Another part of the query then operates with filtered part of the documents performing calculations of the asymmetric similarity scores between documents using DB extensions and stored functions that we created.
Asymmetric score here means that similarity measure between two documents is counted not just like distance (that is a symmetric measure, like Jaccard distance, Hamming distance or similarity in percents when diff(A, B) == diff(B, A)
), but as two values that represent how much each document similar to another. In this case diff(A, B) != diff(B, A)
.
With a symmetric score we can say that two documents have 93.5% similarity, and it works vice versa.
With an asymmetric score we can say that the difference between A and B
is 98.5% , while difference between B and A
is 65.2%.
It is very useful, if document A
contains almost full document B
inside, while B
is only a part of bigger A
.
The "Smlar" extension for PostgreSQL we have installed above is used to perform these calculations, and it is based on calculating cosine difference between arrays, while arrays representing each document are n-grams that are also stored in database and created with functions that we added.
It is worth mentioning that storing n-grams of each text takes additional space in DB, since it creates significant redundancy of the data we store.

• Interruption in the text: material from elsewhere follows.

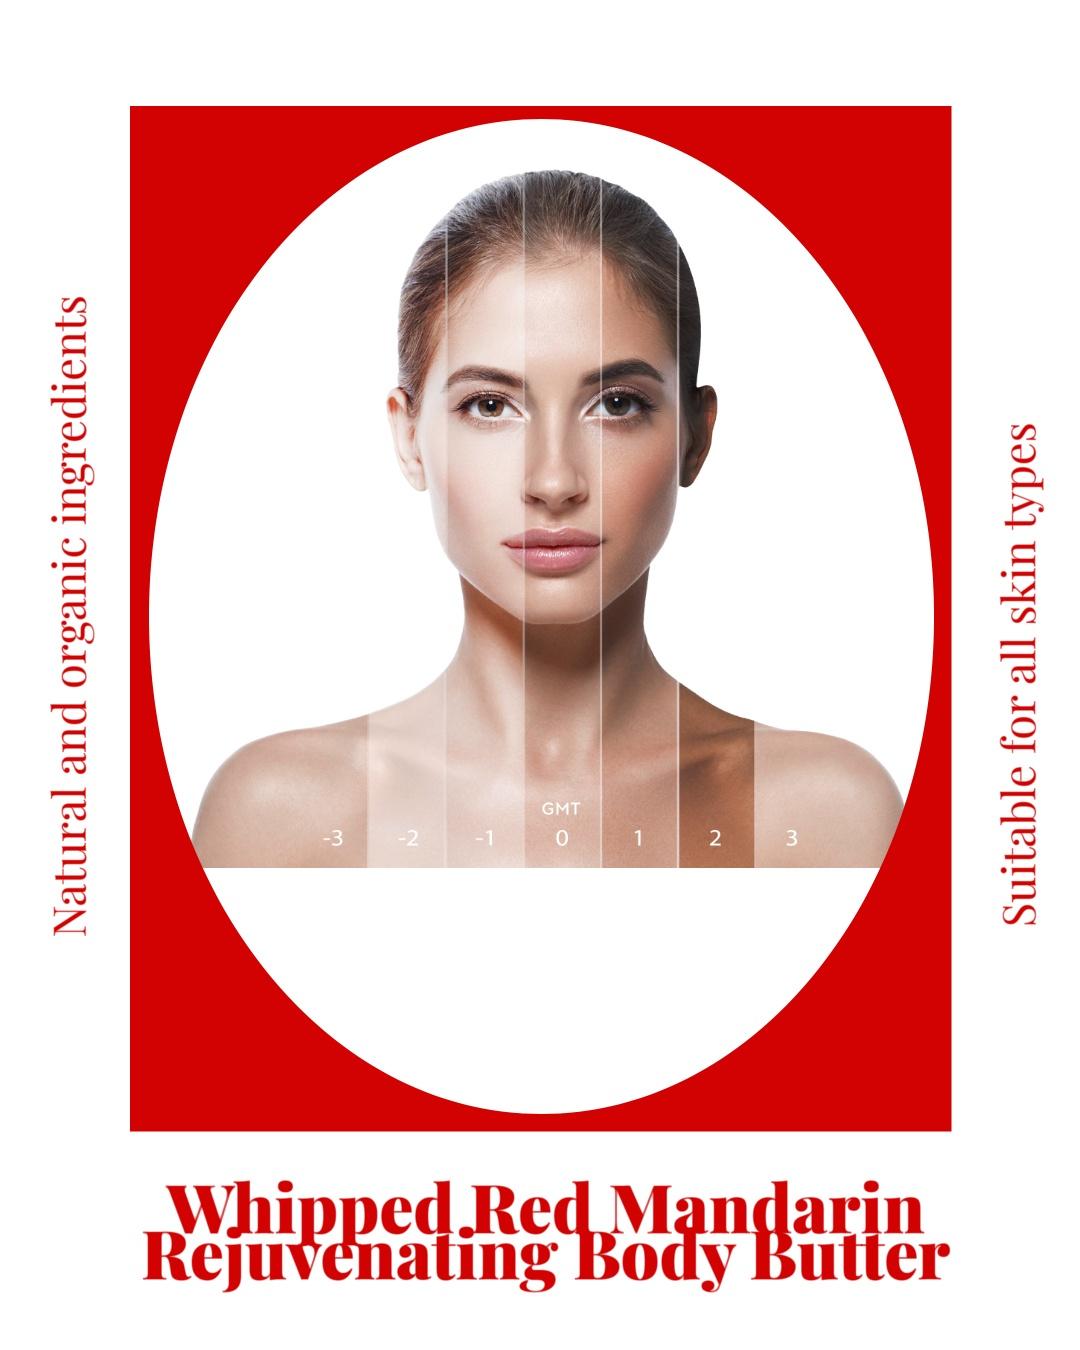 Whipped Red Mandarin Rejuvenating Body Butter Kind Shop 2

The alternative is to perform calculations with each text on the Python side that will take more time especially with long texts.
Thus storing n-grams in DB is a compromise between space and speed, and we choose speed.
Once we want to integrate this complex approach into any project here is the RoadMap:
-
Update env with new dependencies
-
Perform DB modifications:
-
alter existing tables to store additional fields for simhash values and ngrams
-
add required DB extensions and functions
-
-
Fill these new fields for existing entities with calculated simhash values, n-grams etc.
-
Add indexes for newly created and updated fields. IMPORTANT! Indexes should be created only after all new columns were already filled. Otherwise, creating index on the empty table before bulk data was already added will lead to the fact that with every insert index must be updated and populating table with thousands of new values will take much longer time.
-
Add calculating of simhashes, n-grams and other required fields into the workflow where new data is created and added to the database. Single insert with rebuilding index doesn’t take much more time against bulk insertion
-
Integrate search query described here into search request processing.
As an alternative for point 5 (calculating simhashes and other fields) in order to not conflict with the code of the existing project, we can add another procedure (task) to the existing pipeline of creating/saving/processing new data in our storage, which will update required fields for newly created DB instances as a separate process.